News and Announcements » |
Description:
Since newer sequencing technologies provide many reads per run (e.g. the 454 GS FLX Titanium series can produce 400-600 million base pairs with 400-500 base pair read lengths) researchers are now finding it useful to combine multiple samples into a single 454 run. This multiplexing is achieved through the application of a pyrosequencing-tailored nucleotide barcode design (described in (Parameswaran et al., 2007)). By assigning individual, unique sample specific barcodes, multiple sequencing runs may be performed in parallel and the resulting reads can later be binned according to sample. The script split_libraries.py performs this task, in addition to several quality filtering steps including user defined cut-offs for: sequence lengths; end-trimming; minimum quality score. To summarize, by using the fasta, mapping, and quality files, the program split_libraries.py will parse sequences that meet user defined quality thresholds and then rename each read with the appropriate Sample ID, thus formatting the sequence data for downstream analysis. If a combination of different sequencing technologies are used in any particular study, split_libraries.py can be used to perform the quality-filtering for each library individually and the output may then be combined.

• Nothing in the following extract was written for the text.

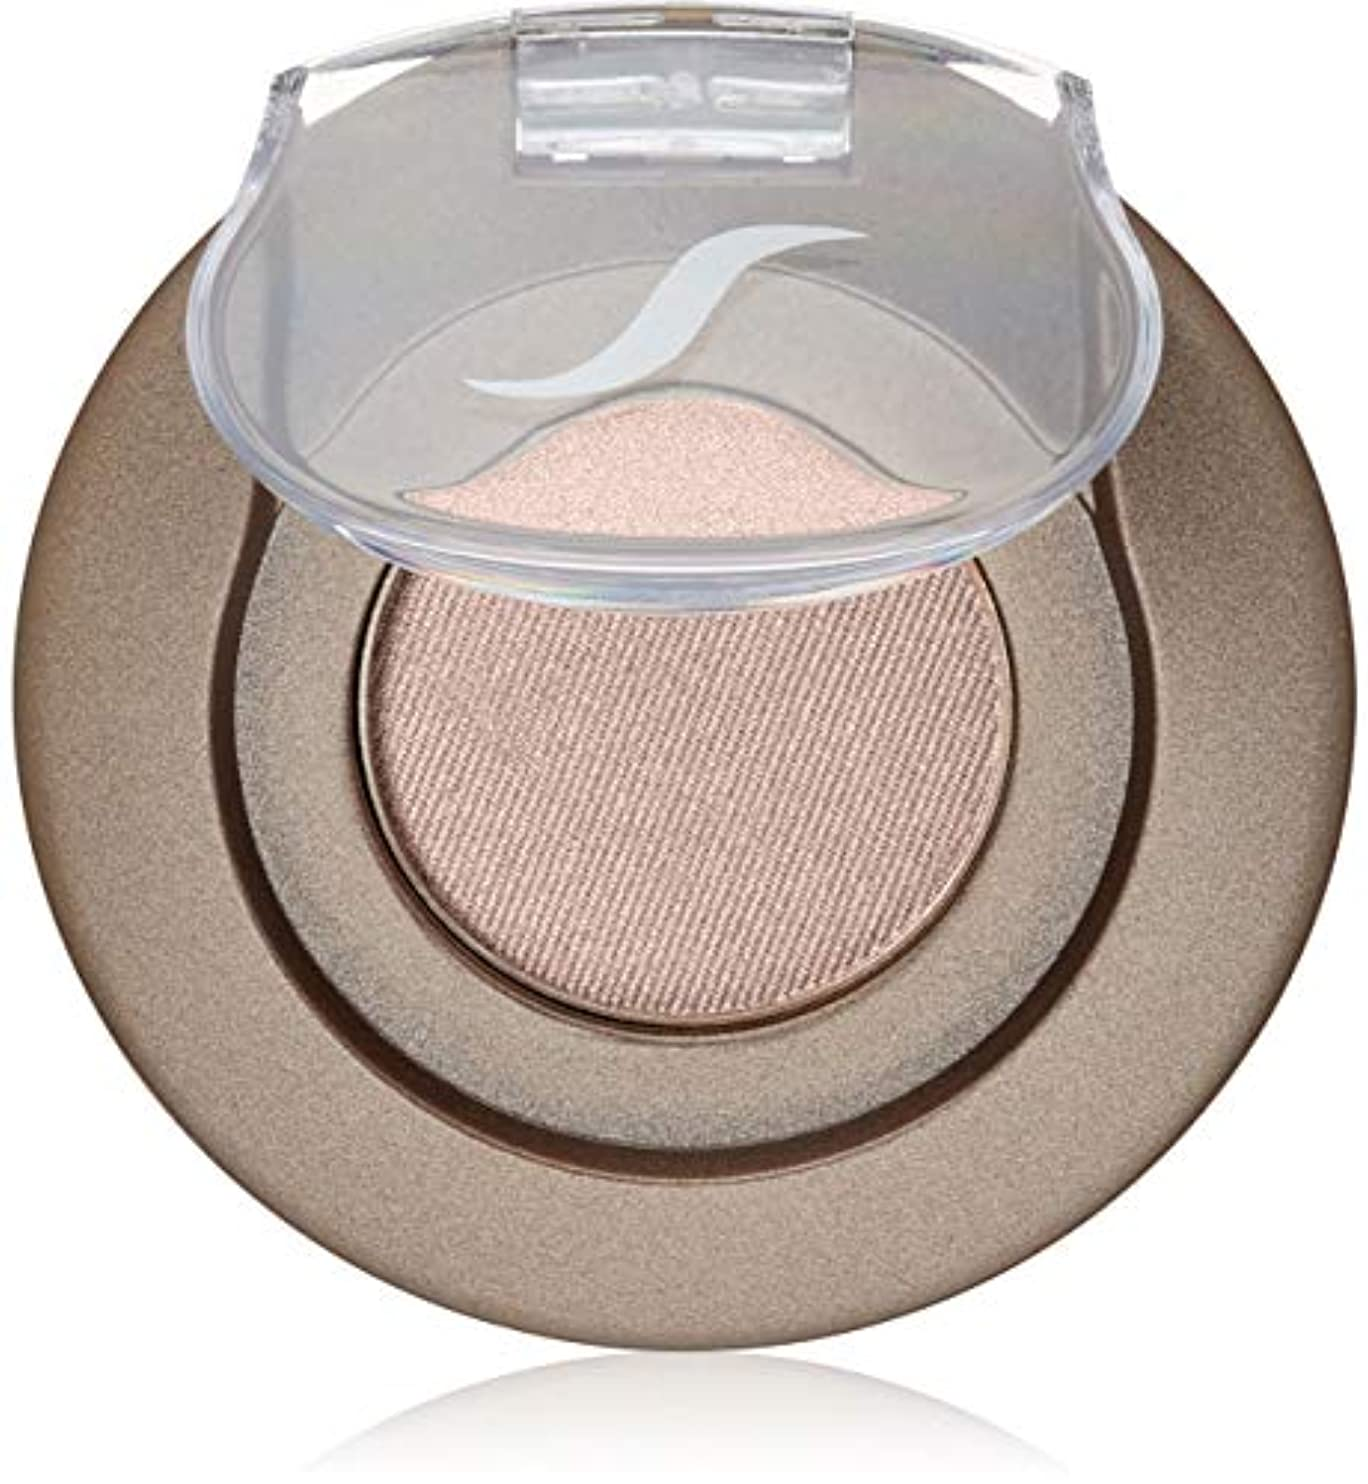 対象うっかり調整するSorme' Treatment Cosmetics Sorme化粧品ミネラルボタニカルアイシャドー、0.05オンス 0.05オンス フラッシュ

Sequences from samples that are not found in the mapping file (no corresponding barcode) and sequences without the correct primer sequence will be excluded. Additional scripts can be used to exclude sequences that match a given reference sequence (e.g. the human genome; exclude_seqs_by_blast.py) and/or sequences that are flagged as chimeras (identify_chimeric_seqs.py).
Usage: split_libraries.py [options]
Input Arguments:
Note
[REQUIRED]
[OPTIONAL]
Output:
Three files are generated by split_libraries.py:
Standard Example:
Using a single 454 run, which contains a single FASTA, QUAL, and mapping file while using default parameters and outputting the data into the Directory “Split_Library_Output”:
split_libraries.py -m Mapping_File.txt -f 1.TCA.454Reads.fna -q 1.TCA.454Reads.qual -o Split_Library_Output/
For the case where there are multiple FASTA and QUAL files, the user can run the following command as long as there are not duplicate barcodes listed in the mapping file:
split_libraries.py -m Mapping_File.txt -f 1.TCA.454Reads.fna,2.TCA.454Reads.fna -q 1.TCA.454Reads.qual,2.TCA.454Reads.qual -o Split_Library_Output/
Duplicate Barcode Example:
An example of this situation would be a study with 1200 samples. You wish to have 400 samples per run, so you split the analysis into three runs with and reuse barcoded primers (you only have 600). After initial analysis you determine a small subset is underrepresented (<500 sequences per samples) and you boost the number of sequences per sample for this subset by running a fourth run. Since the same sample IDs are in more than one run, it is likely that some sequences will be assigned the same unique identifier by split_libraries.py when it is run separately on the four different runs, each with their own barcode file. This will cause a problem in file concatenation of the four different runs into a single large file. To avoid this, you can use the ‘-s’ parameter which defines a start index for split_libraries.py. From experience, most FLX runs (when combining both files for a single plate) will have 350,000 to 650,000 sequences. Thus, if Run 1 for split_libraries.py uses ‘-n 1000000’, Run 2 uses ‘-n 2000000’, etc., then you are guaranteed to have unique identifiers after concatenating the results of multiple FLX runs. With newer technologies you will just need to make sure that your start index spacing is greater than the potential number of sequences.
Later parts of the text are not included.